What to work on
Copy out the lines of the records below, and only those lines, from the one with "Dr. Ph. Martin's" through the one with "Nike Space Hippie 04 Sneakers In Grey", exactly as they appear.

· · · · ·

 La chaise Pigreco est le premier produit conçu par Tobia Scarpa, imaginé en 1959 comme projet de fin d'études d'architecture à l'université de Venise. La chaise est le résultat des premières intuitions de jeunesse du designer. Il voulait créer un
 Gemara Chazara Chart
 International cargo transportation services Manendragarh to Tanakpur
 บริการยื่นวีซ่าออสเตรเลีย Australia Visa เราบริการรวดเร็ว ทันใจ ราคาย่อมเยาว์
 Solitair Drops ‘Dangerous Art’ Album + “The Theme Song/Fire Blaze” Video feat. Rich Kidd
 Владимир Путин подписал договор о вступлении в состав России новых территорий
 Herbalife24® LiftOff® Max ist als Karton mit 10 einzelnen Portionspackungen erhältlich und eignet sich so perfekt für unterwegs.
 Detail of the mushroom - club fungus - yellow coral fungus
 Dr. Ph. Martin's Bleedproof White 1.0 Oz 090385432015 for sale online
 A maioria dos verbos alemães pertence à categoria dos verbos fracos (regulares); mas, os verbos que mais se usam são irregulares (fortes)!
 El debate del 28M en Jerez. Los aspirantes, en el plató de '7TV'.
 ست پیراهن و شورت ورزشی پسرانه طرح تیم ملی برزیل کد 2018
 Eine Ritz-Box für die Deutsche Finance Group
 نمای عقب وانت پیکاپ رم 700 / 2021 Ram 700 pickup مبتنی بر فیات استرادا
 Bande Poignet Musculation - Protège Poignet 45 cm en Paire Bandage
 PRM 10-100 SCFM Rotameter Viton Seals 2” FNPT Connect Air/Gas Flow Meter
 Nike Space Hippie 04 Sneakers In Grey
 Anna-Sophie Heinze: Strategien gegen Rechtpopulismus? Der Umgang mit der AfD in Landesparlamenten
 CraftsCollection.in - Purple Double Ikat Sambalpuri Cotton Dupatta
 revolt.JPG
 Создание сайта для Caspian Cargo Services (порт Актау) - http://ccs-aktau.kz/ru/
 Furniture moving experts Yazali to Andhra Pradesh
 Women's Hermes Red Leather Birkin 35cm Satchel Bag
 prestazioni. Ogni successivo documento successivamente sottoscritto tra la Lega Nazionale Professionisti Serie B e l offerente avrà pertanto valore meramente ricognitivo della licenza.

· · · · ·

Final answer
 Dr. Ph. Martin's Bleedproof White 1.0 Oz 090385432015 for sale online
 A maioria dos verbos alemães pertence à categoria dos verbos fracos (regulares); mas, os verbos que mais se usam são irregulares (fortes)!
 El debate del 28M en Jerez. Los aspirantes, en el plató de '7TV'.
 ست پیراهن و شورت ورزشی پسرانه طرح تیم ملی برزیل کد 2018
 Eine Ritz-Box für die Deutsche Finance Group
 نمای عقب وانت پیکاپ رم 700 / 2021 Ram 700 pickup مبتنی بر فیات استرادا
 Bande Poignet Musculation - Protège Poignet 45 cm en Paire Bandage
 PRM 10-100 SCFM Rotameter Viton Seals 2” FNPT Connect Air/Gas Flow Meter
 Nike Space Hippie 04 Sneakers In Grey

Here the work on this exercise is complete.